3. CONSISTENCY ISSUES — Mismatches Between Docs

3.1 Vectorize Index Count Mismatch

architecture.md system diagram: Shows 5 vector indexes architecture.md deployment: Shows 7 vector indexes flowchart.md: Shows 7 vector indexes

Fix: Update system diagram to show all 7.


3.2 Queue Count Mismatch

architecture.md: Says "8 topics" in diagram, lists 9 in deployment flowchart.md: Lists 9 queues

Fix: Update diagram to say "9 topics".


3.3 Worker Count

architecture.md: Lists 8 workers flowchart.md: Shows slightly different worker breakdown

Fix: Align on exact worker names and count.


3.4 Missing Dedup Step in architecture.md Flows

flowchart.md: Shows explicit dedup step with URL hash check architecture.md sub-flows: Don't show dedup step

Fix: Update architecture.md pipeline diagrams to include dedup.


3.5 Missing Geo/Author in architecture.md Flows

flowchart.md: Shows Geo Extraction and Author Resolution as separate steps architecture.md sub-flows: Don't show these

Fix: Update architecture.md extraction pipeline to match.


3.6 API Endpoints Incomplete in architecture.md

flowchart.md: Has comprehensive client + admin API sections architecture.md: Has abbreviated endpoint list

Fix: Either sync them or reference flowchart.md for full API spec.

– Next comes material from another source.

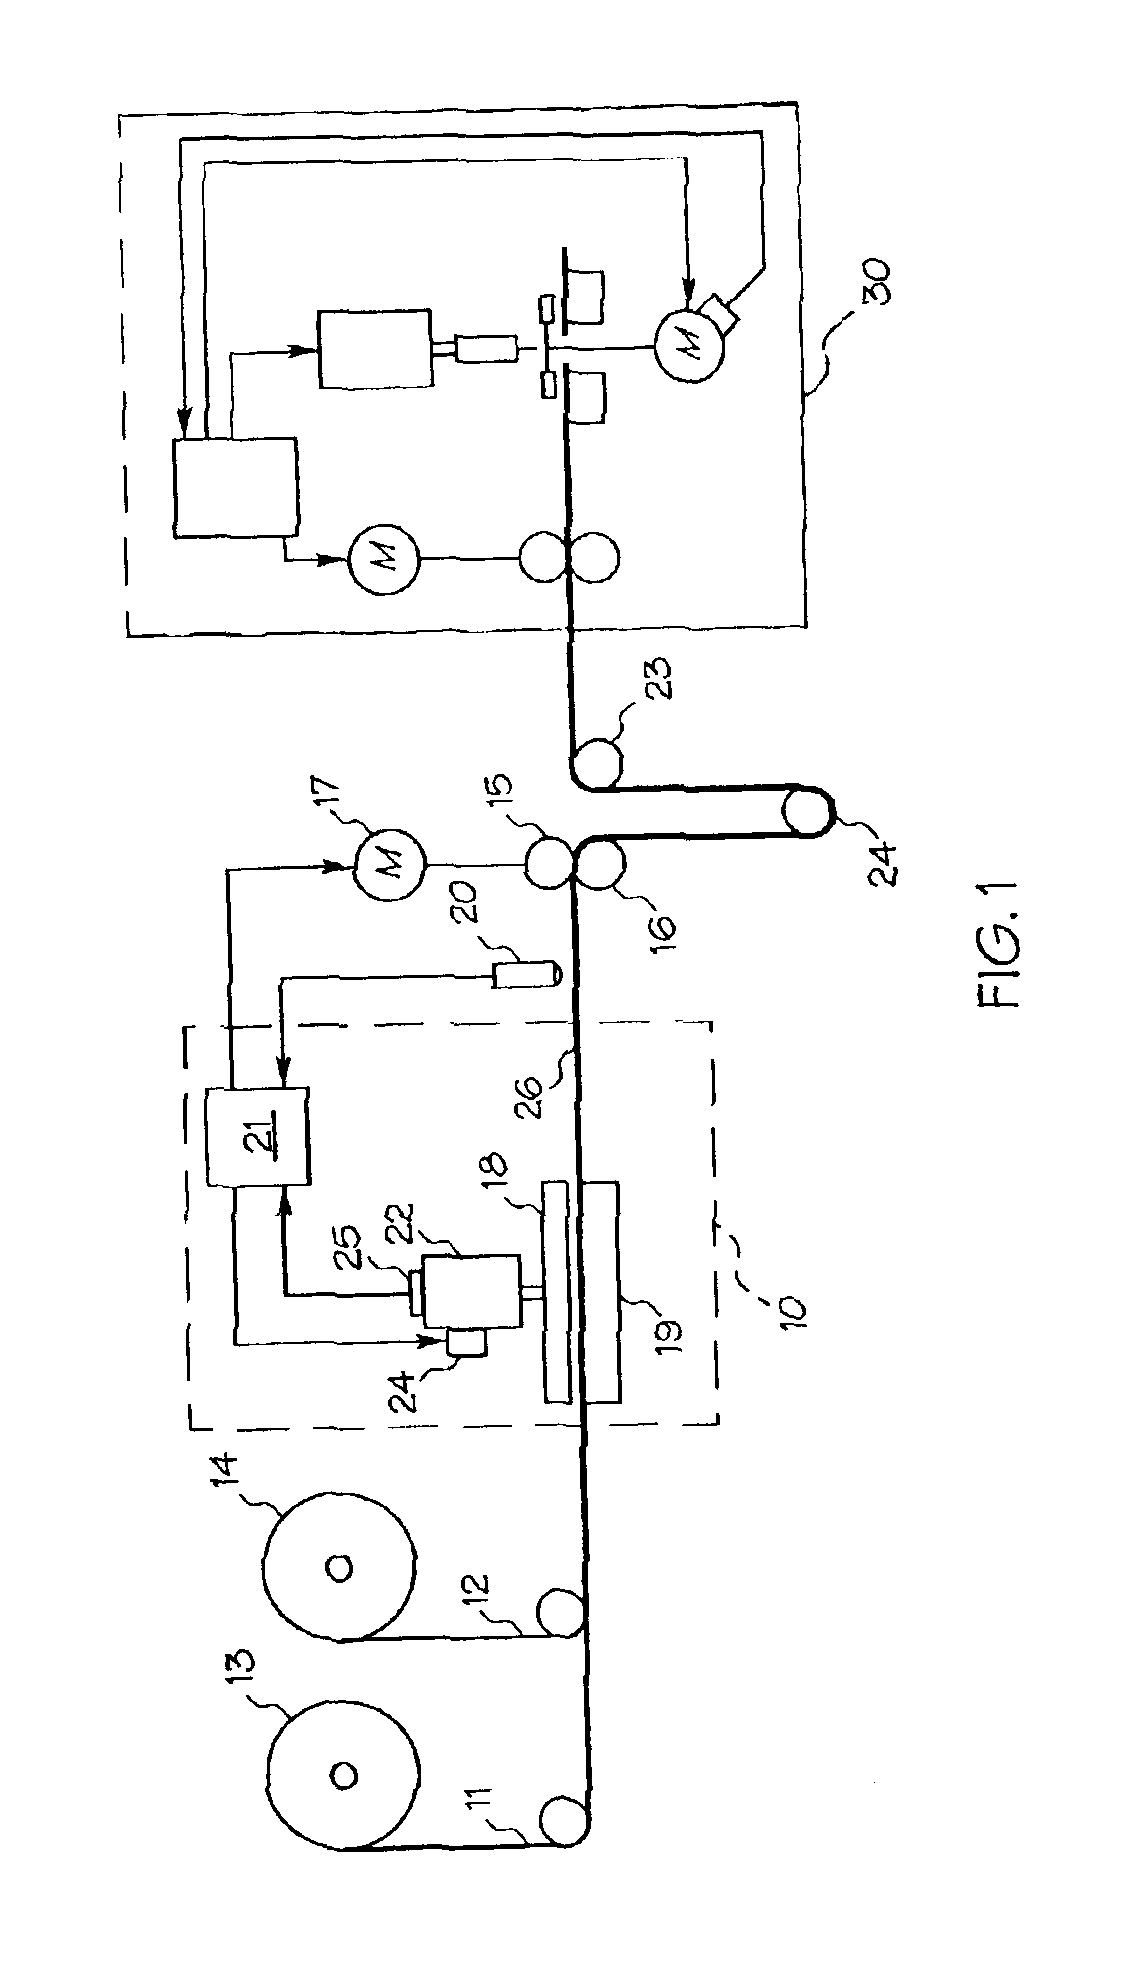 Electric actuator to produce a predetermined force
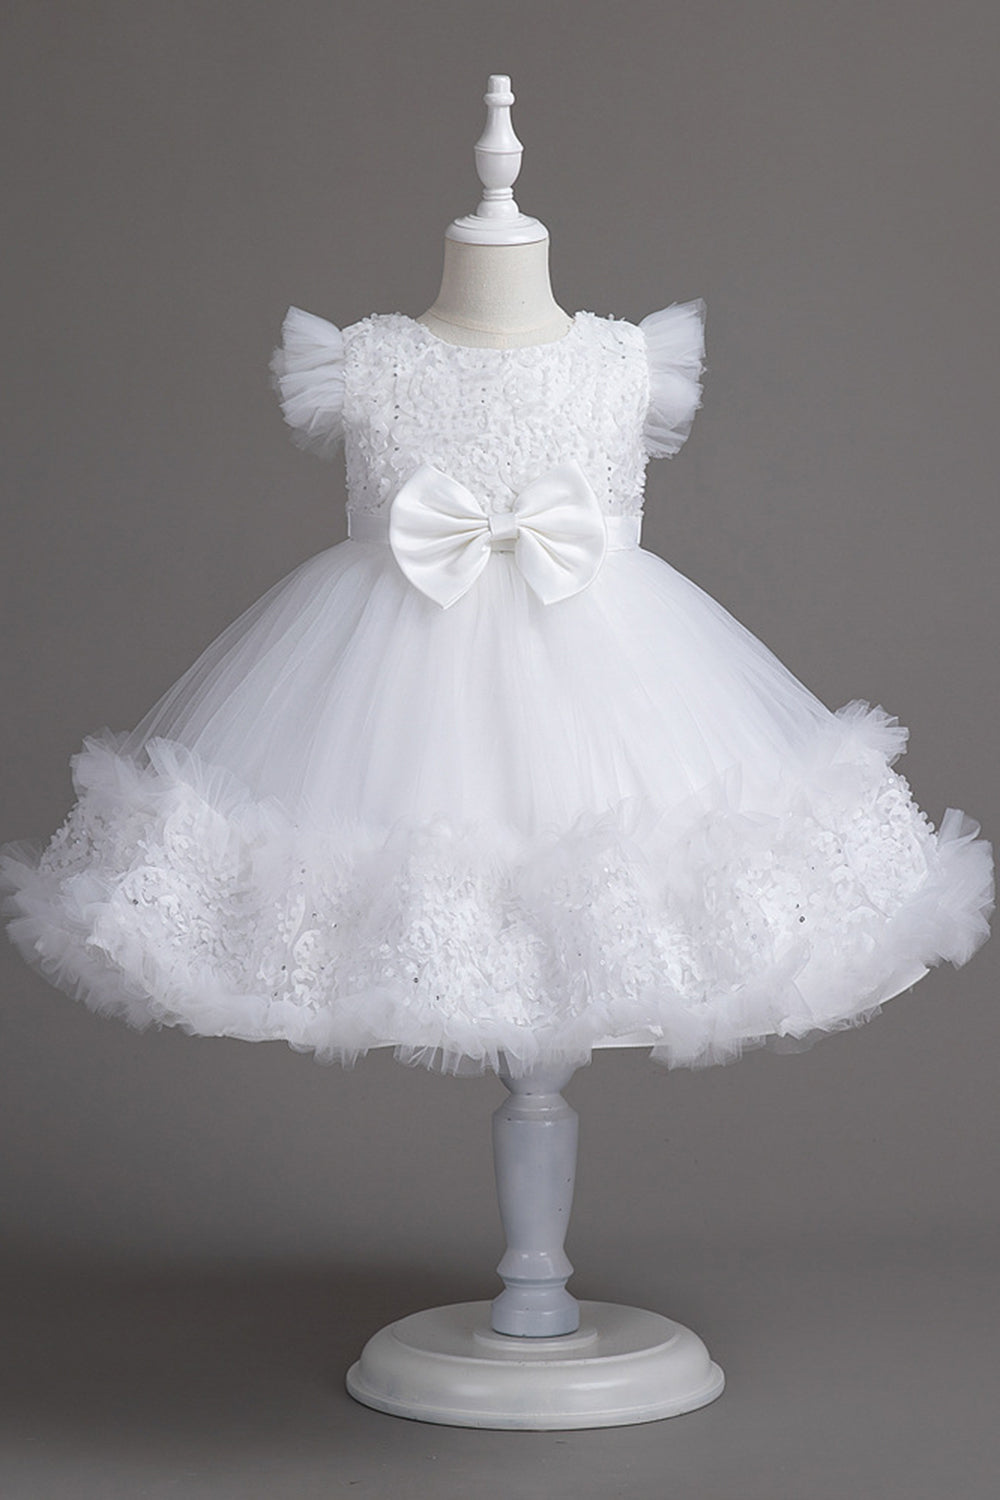 Cute Jewel Neck White Girl Dress with Bowknot

4. ARCHITECTURE RISKS — Potential Problems at Scale

4.1 D1 Row Limits

Risk: Cloudflare D1 has limits. At scale:

  • 10,000 articles/day = 300,000/month = 3.6M/year
  • Plus all junction tables, classifications, events, etc.

Mitigation:

  • Implement aggressive retention (30-90 days for articles)
  • Archive to R2 before deletion
  • Consider D1 sharding strategy
  • Monitor row counts with alerts

4.2 Vectorize Index Size

Risk: 225K locations + millions of articles + authors + entities = large vector indexes

Mitigation:

  • Understand Vectorize limits (currently 5M vectors per index)
  • Plan for index sharding or tiering
  • Consider separate indexes for hot (recent) vs cold (archive) data

4.3 Cold Start Latency

Risk: Workers cold starts can add 50-200ms. For real-time APIs, this matters.

Mitigation:

  • Keep critical paths in single worker (avoid chaining)
  • Use KV caching aggressively
  • Consider always-on workers for critical paths (if available)

4.4 Queue Depth Runaway

Risk: If processing slows down, queues can back up infinitely.

Mitigation:

  • Set max queue depths with alerts
  • Implement circuit breakers (pause crawling if queue > threshold)
  • Dead letter queues for failed messages
  • Queue metrics in observability

4.5 Cost Explosion

Risk: A bug or misconfiguration could trigger massive external API usage.

Mitigation:

  • Hard budget limits (stop processing if daily cost > $X)
  • Per-service rate limits
  • Anomaly detection on cost velocity
  • Require manual approval for > 10x normal spend

5. RECOMMENDATIONS — Priority Actions

Immediate (Before Coding)

  1. Add KEYWORD_SETS table — Core to the product
  2. Add PIPELINE_RUNS/ERRORS tables — Critical for debugging
  3. Add API_KEYS table — Required for auth
  4. Document rate limiting strategy — Required for crawling
  5. Fix consistency issues — Update diagrams

Short-term (During V1)

  1. Add CUSTOMER_EVENTS — Important for relevance improvement
  2. Add paywall detection — Or you'll waste money on garbage
  3. Add near-duplicate detection — Or story clustering will be noisy
  4. Add SOURCE_CANDIDATES — Or you'll never scale source coverage
  5. Add NOTIFICATION_LOG — Or you can't debug delivery issues

Medium-term (V1.1)

  1. Add article update detection — News changes
  2. Add entity disambiguation — Or NER is half-useful
  3. Add content moderation — Liability risk
  4. Add export functionality — Customers will ask

Long-term (V2)

  1. Source reliability scoring — Differentiation
  2. Full bias/credibility analysis — Premium feature
  3. I18n infrastructure — International expansion

6. UPDATED TABLES TO ADD

Here's the complete list of missing tables to add to architecture.md:

KEYWORD_SETS
API_KEYS
ADMIN_TOKENS
PIPELINE_RUNS
PIPELINE_ERRORS
CUSTOMER_EVENTS
CUSTOMER_MEMORY
NOTIFICATION_TEMPLATES
NOTIFICATION_LOG
TAXONOMY_VERSIONS
RULES_VERSIONS
SCHEDULED_JOBS
EXPORTS
ARTICLE_REVISIONS
ARTICLE_DUPLICATES
ARTICLE_MODERATION
SOURCE_CANDIDATES
SOURCE_RELIABILITY
ENTITY_ALIASES

This document should be reviewed before starting implementation and updated as decisions are made.